Beyond parameter efficiency, Nemotron 3 Super employs multi-token prediction, allowing it to predict multiple future words simultaneously and achieving three times faster inference speeds. Running on the NVIDIA Blackwell platform with NVFP4 precision, the model minimizes memory requirements and accelerates inference up to four times faster than FP8 on NVIDIA Hopper, all without sacrificing accuracy.

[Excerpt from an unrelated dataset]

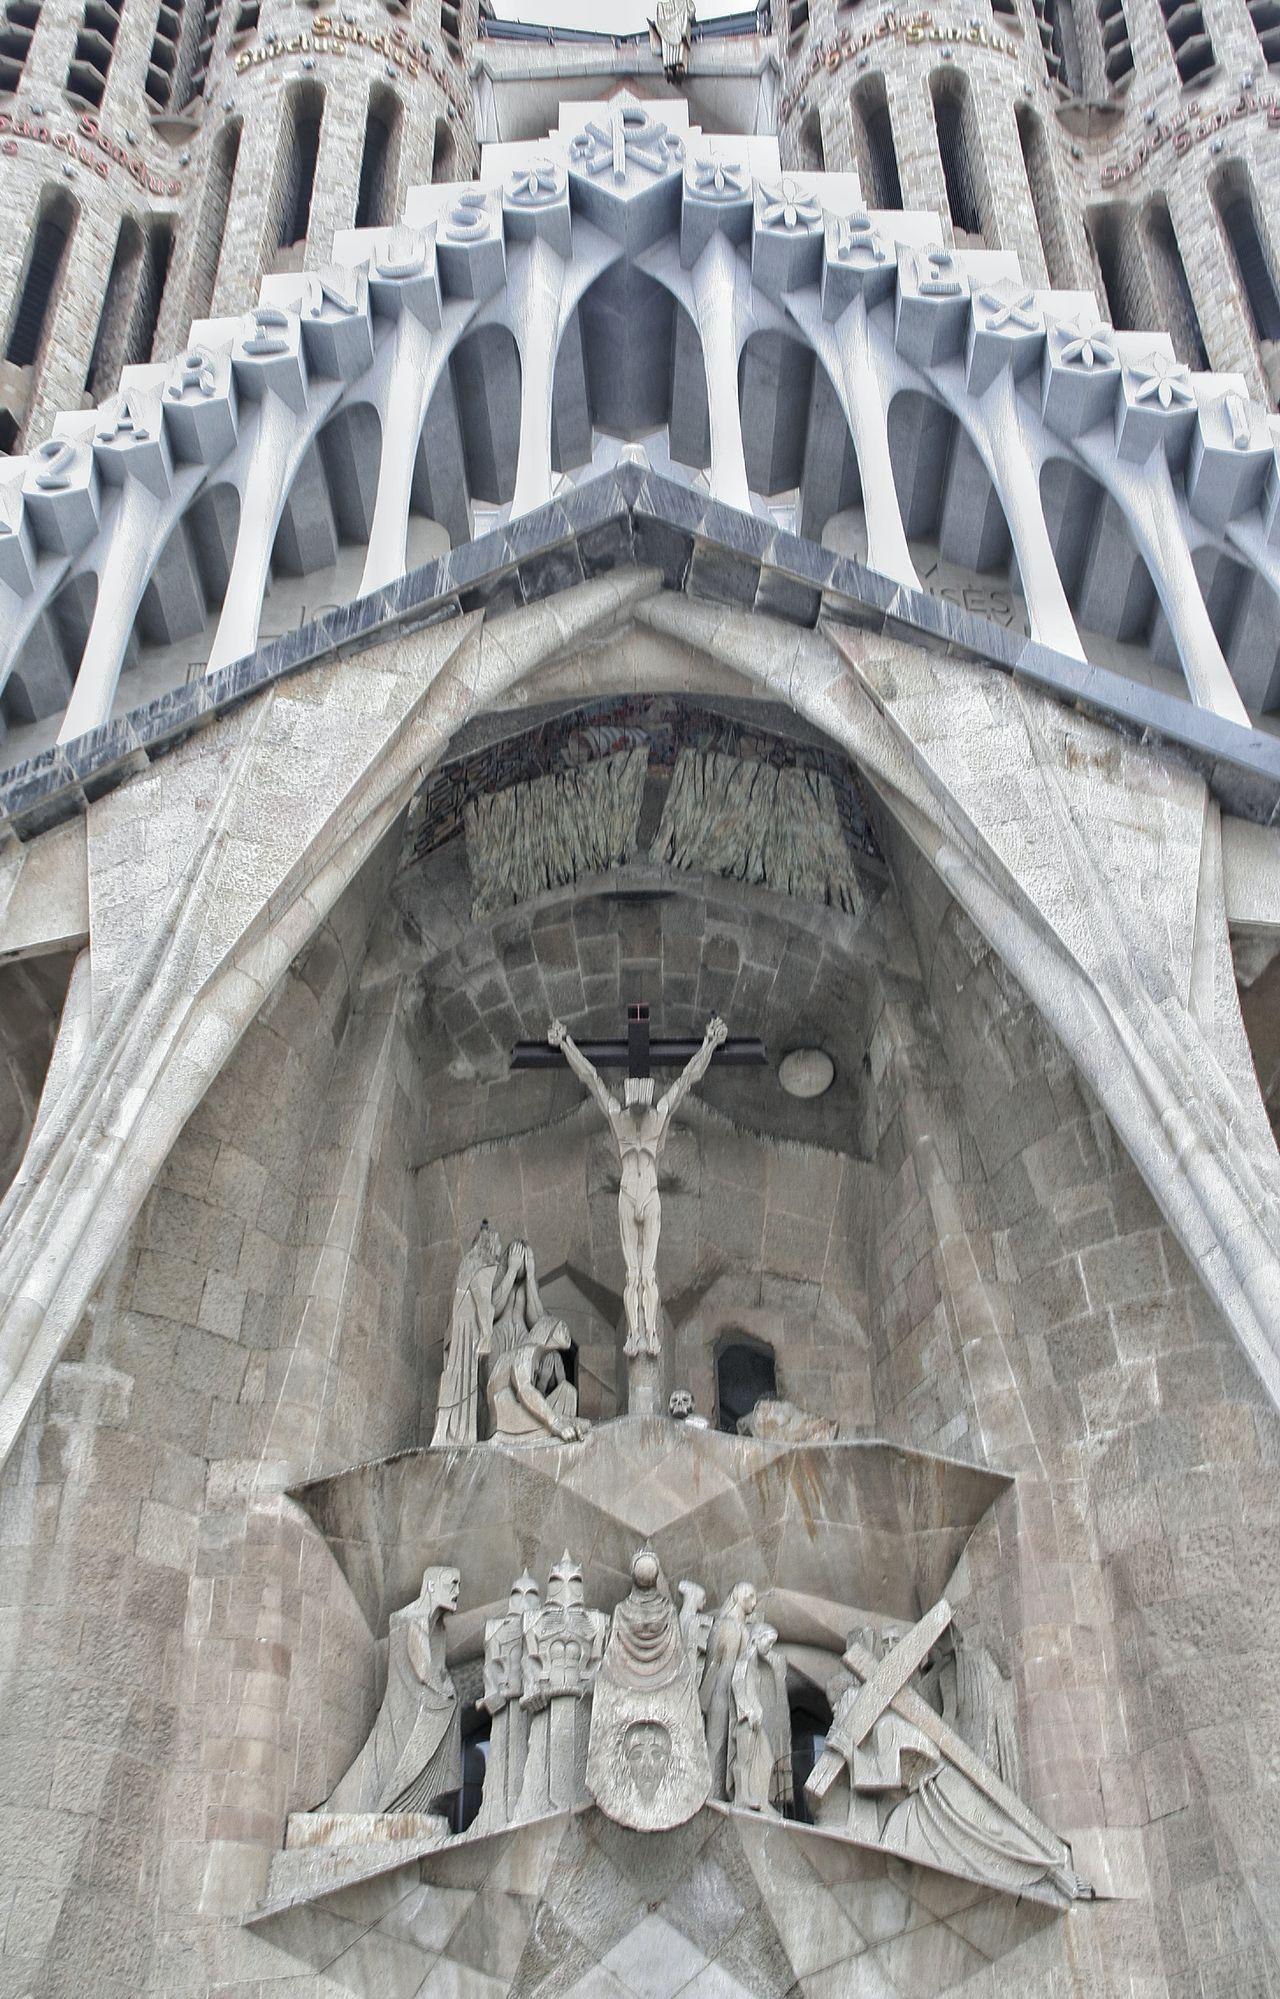 Sagradafamilia Barcelona Catalonia Catalunya Architecture And Art Architectural Detail Architecture Architecture Photography Church Architecture Church EyeEm Best Shots Travel Destinations Travel Gaudi Gaudì Architecture Work Gaudi Barcelona EyeEmNewHere
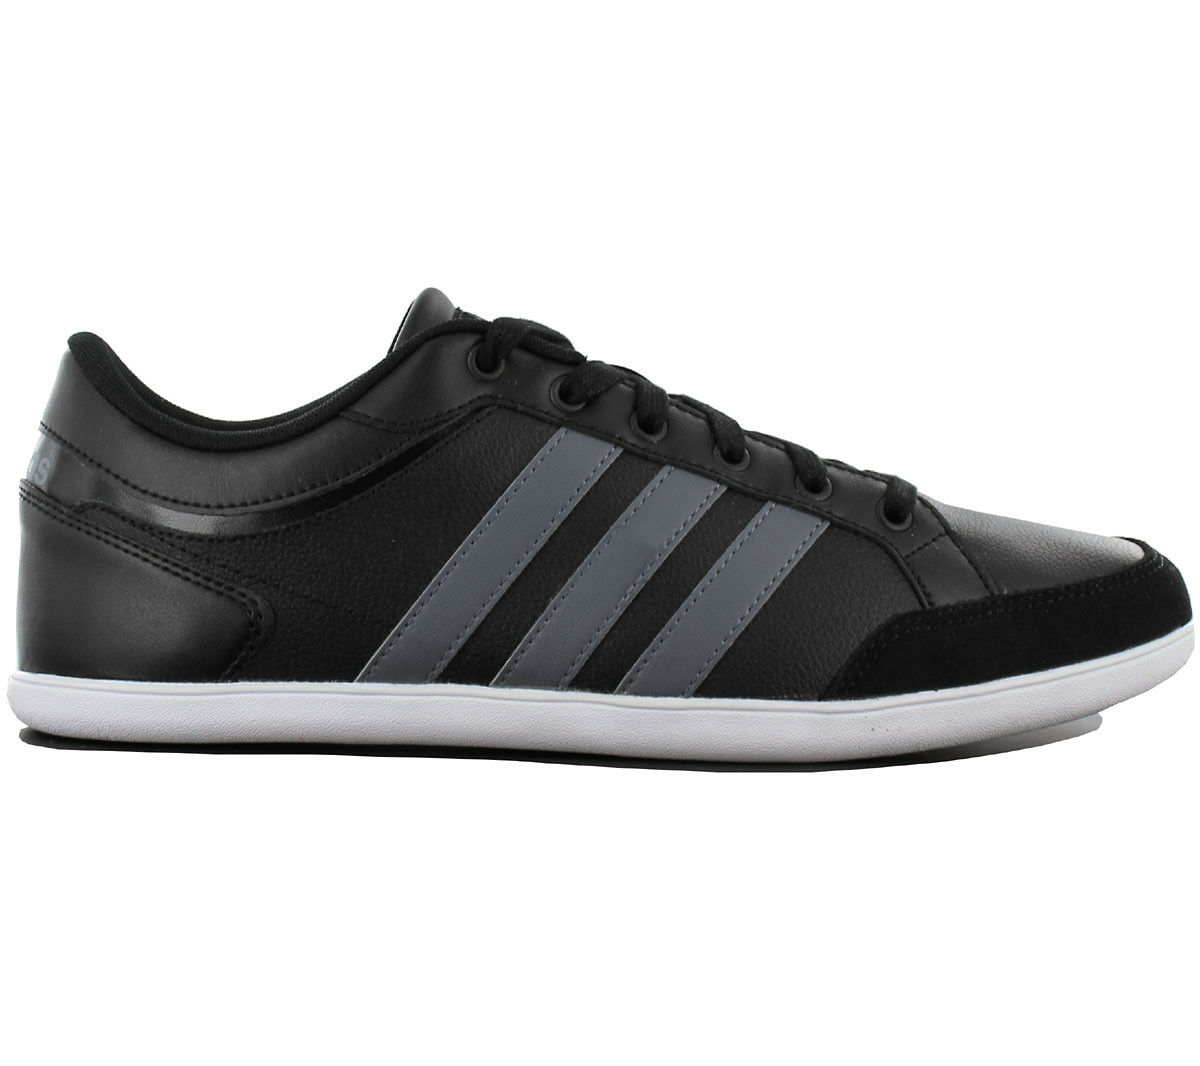 Adidas Unwind Leather scarpe da ginnastica Uomo Moda Scarpe da Ginnastica Tempo Libero

Nemotron 3 Super has high-accuracy tool calling that ensures autonomous agents reliably navigate massive function libraries to prevent execution errors in high-stakes environments, like autonomous security orchestration in cybersecurity.
NVIDIA
Nemotron 3 Super Tops Benchmarks for Efficiency and Reasoning
Several companies are rapidly integrating the newly released Nemotron 3 Super into their AI systems, indicating a swift move toward more capable autonomous agents. Perplexity is offering its users access to the 120-billion-parameter model for search functionality, incorporating it as one of twenty orchestrated models within its Computer application. Simultaneously, developers specializing in AI-powered software agents, including CodeRabbit, Factory, and Greptile, are embedding Nemotron 3 Super alongside their proprietary models to enhance accuracy while reducing computational costs. Life sciences organizations, such as Edison Scientific and Lila Sciences, are also poised to leverage the model for in-depth literature reviews, data analysis, and molecular understanding. A key challenge in scaling multi-agent AI systems is managing the exponential growth of contextual data; these workflows can generate up to fifteen times more tokens than standard chatbot interactions, increasing costs and risking agents losing focus on their initial objectives.
Open Weights & Broad Platform Support Accelerate Agent Deployment
The increasing sophistication of autonomous agents demands models capable of handling increasingly complex tasks, but practical deployment has been hampered by computational costs and context limitations. NVIDIA’s recent release of Nemotron 3 Super with open weights is directly addressing these hurdles. Unlike previous iterations, this 120-billion-parameter model is designed for scalability, enabling developers to customize and deploy it across a diverse range of hardware, from workstations to cloud infrastructure. This broad accessibility is not merely a convenience, but a critical step toward wider adoption of agentic AI systems. Industry leaders including Amdocs, Palantir, and Siemens are also customizing the model to automate processes in sectors ranging from telecommunications to semiconductor manufacturing. A key feature enabling this is the model’s 1-million-token context window, which prevents goal drift by allowing agents to retain full workflow state in memory. NVIDIA is releasing Nemotron 3 Super with open weights under a permissive license, and is publishing the complete methodology, including over 10 trillion tokens of pre- and post-training datasets, 15 training environments for reinforcement learning and evaluation recipes. This commitment to open science allows researchers to fine-tune the model or build entirely new systems using the NVIDIA NeMo platform.